Все охотно засмеялись, благоволили юноше.
- Вот смотрите, - сказал доктор, - пришел сюда из Петербурга пешком, пробирался по дорогам, показывал фокусы, читал монологи Гамлета крестьянам. А все отчего? Любовь! Вы когда-нибудь были так влюблены, чтобы пройти полторы тысячи верст пешком? Я, например, увы...
- Я вас мог видеть в Петербурге, на сцене, в каком театре? - спросил Александр.
- Никогда!! - гаркнул Макасей. - Никогда моя нога не переступит гнусного порога погрязшего в разврате и лжи буржуазного театра.
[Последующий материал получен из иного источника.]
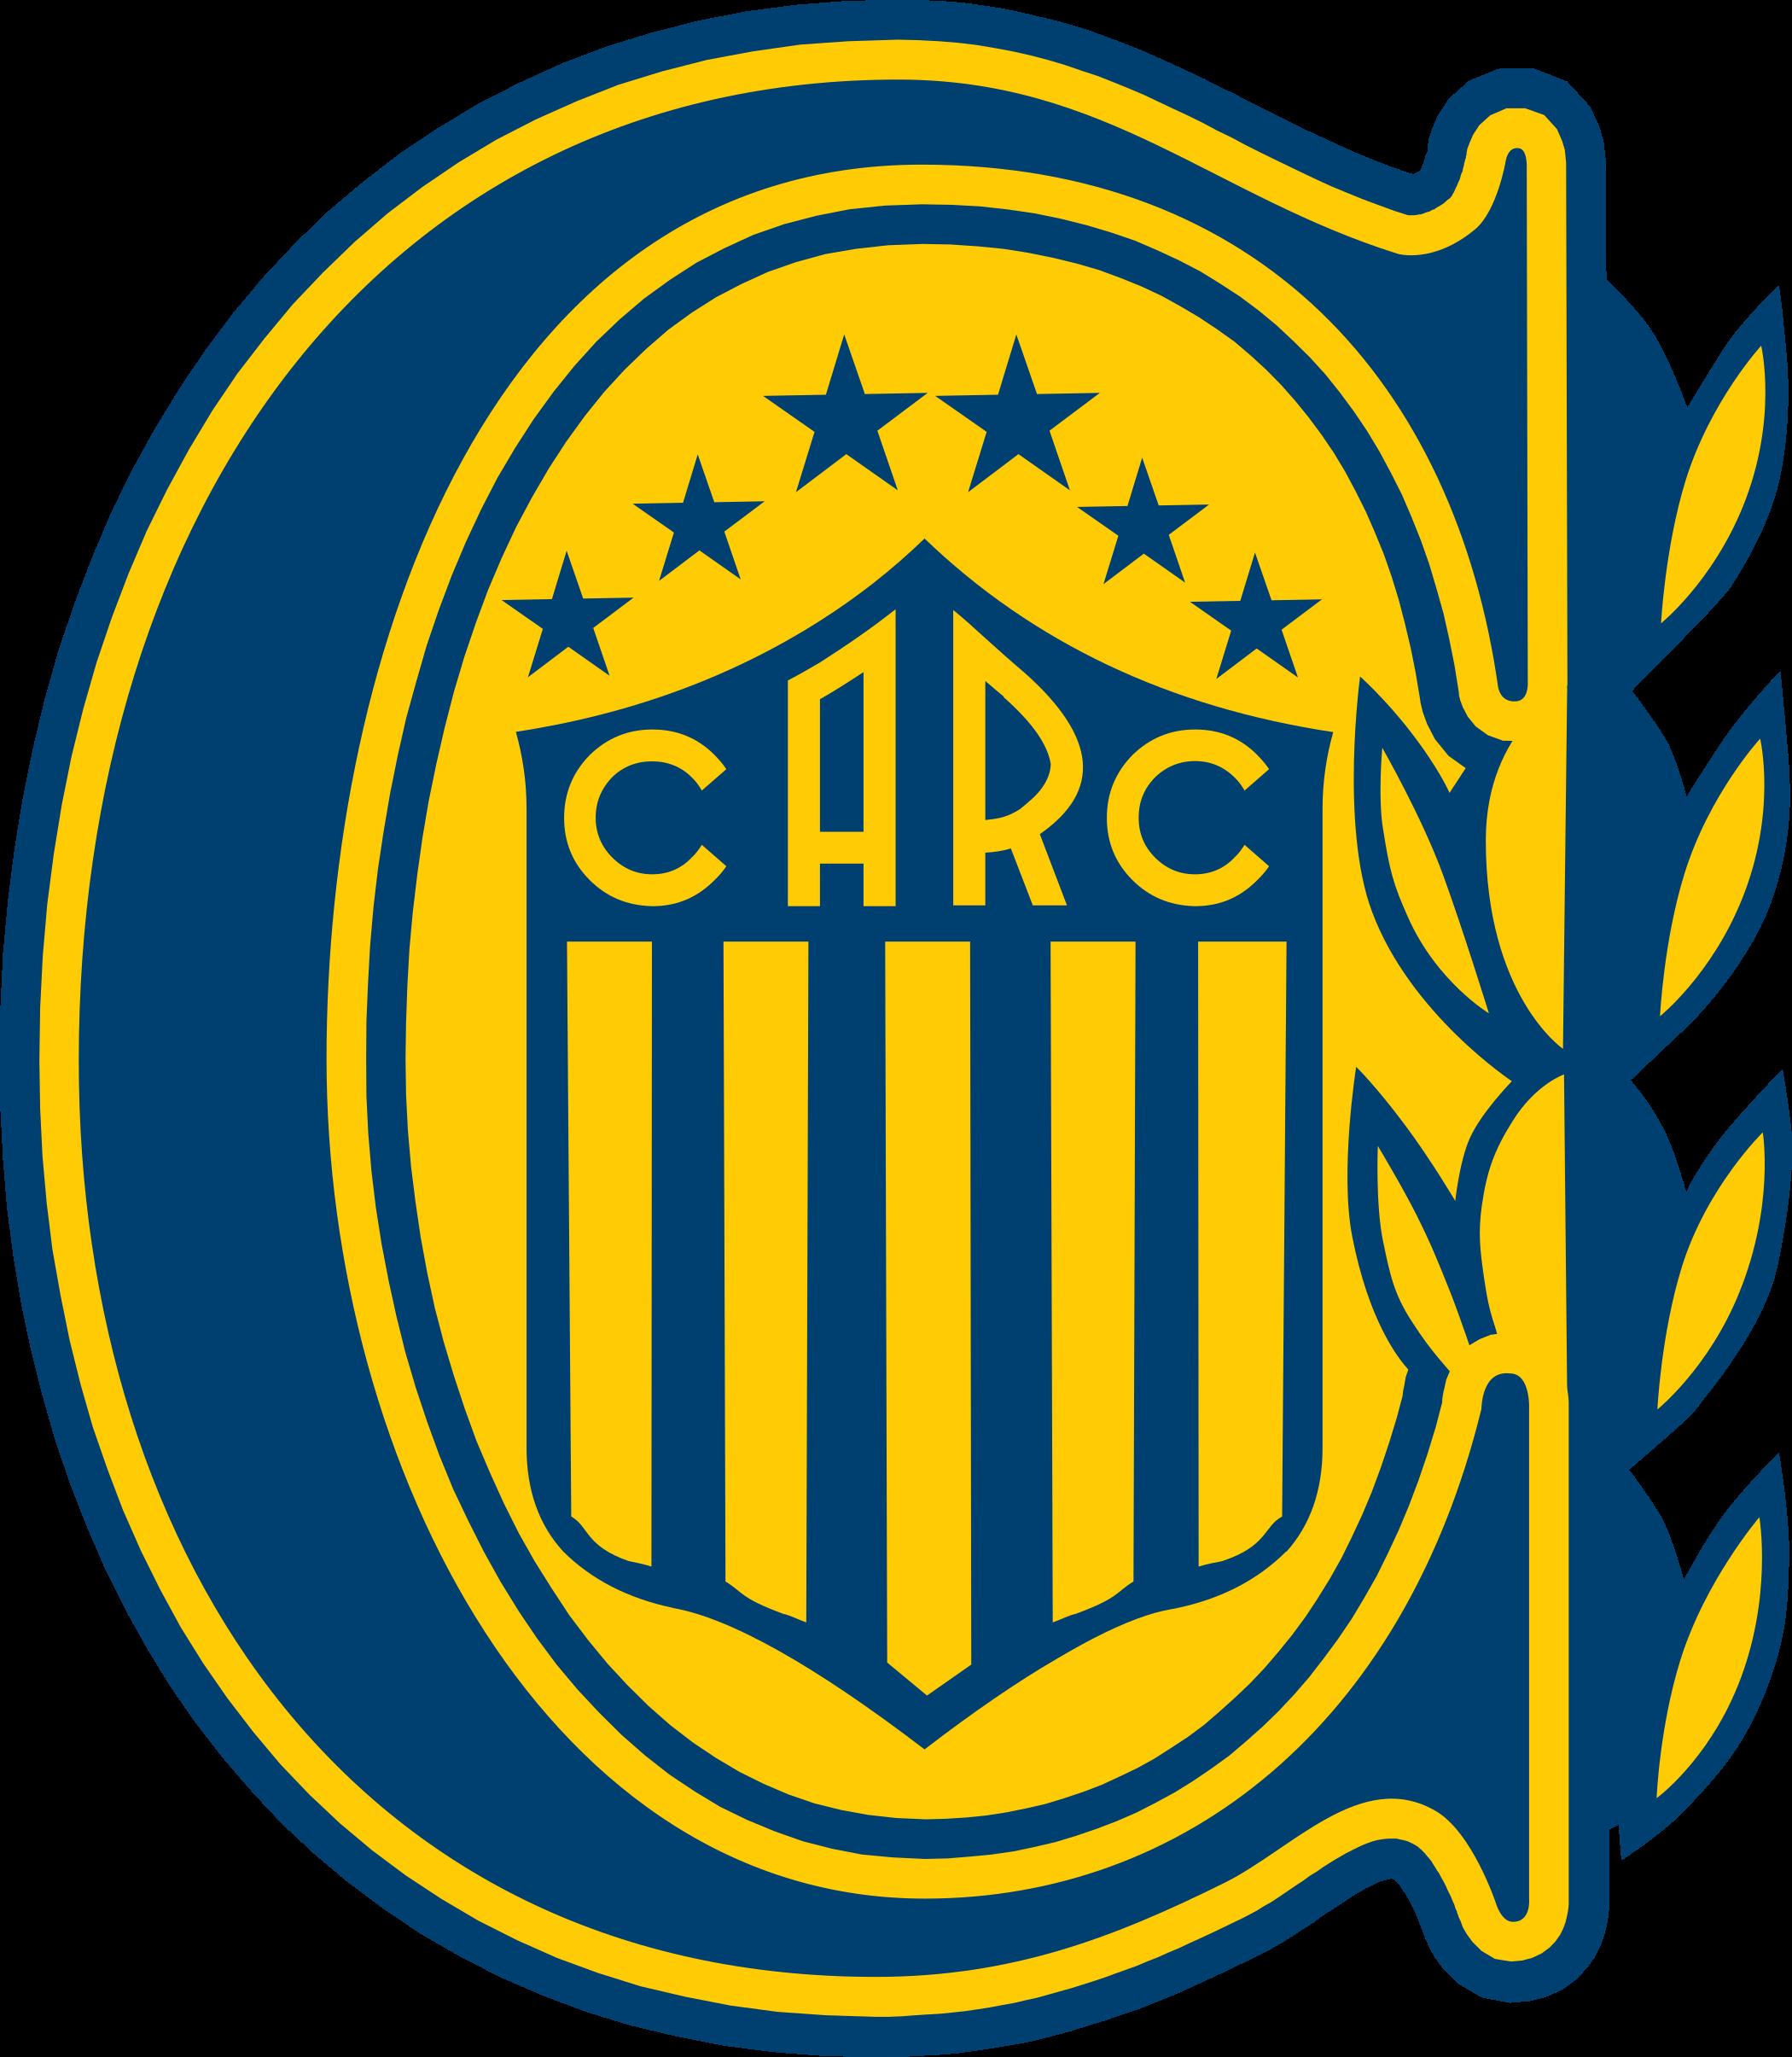 rosario central logo escudo 1 - Rosário Central Logo

Эти бархатные кресла, позолота, нарисованные задники, суфлерские будки, что может быть пакостнее! Эти кругленькие животики первых любовников!
- Ну-ну, полегче насчет животиков, - сказал Шилов.
- Ты-ы не верь мне ни в чем... - заголосил Макасей - Я как ветер степной, буря в сердце моем, власти нет надо мной!.. Песня анархистов, - объявил он. - Стихи Всеволода Волина.
- Сочувствуете анархизму? - полюбопытствовал Александр-
Ответить Макасею помешала эльфообразная Марина.
В белом платье, с цветком гладиолуса в руке она ухитрилась, лавируя между креслами и ширмами, сделать три-четыре высоких балетных па и, как-то по особому подвернув ногу, технично приземлиться возле стола.
- Это прыжки по Далькрозу, нас так учили, - сообщила она, легко взлетая с пола.
Она заявилась сюда к родственникам подкормиться, а Макасей, его никто не звал, отправился за нею, и она ценит его самоотверженность, хотя...
Но комиссару уже горячо тряс руки маленький итальянец Жан Антонио Рибо.
Жан Антонио родился и живет в Неаполе, но прадедушка его был француз, наполеоновский полковник и состоял при Мюрате. Сам Жан Антонио аввокато и джьорналиста. Он участвовал в мовименто операйо - рабочем движении, а также в мовименто сочиалиста. Когда услышал, что в России произошла революция, примчался как ветер, чтобы увидеть все своими глазами. Учит русский язык, потому что влюблен в революцию. Он путешествует уже два года, был в Петрограде, в Москве, Твери, Вологде, Саратове, посещал заводы, жил в деревне.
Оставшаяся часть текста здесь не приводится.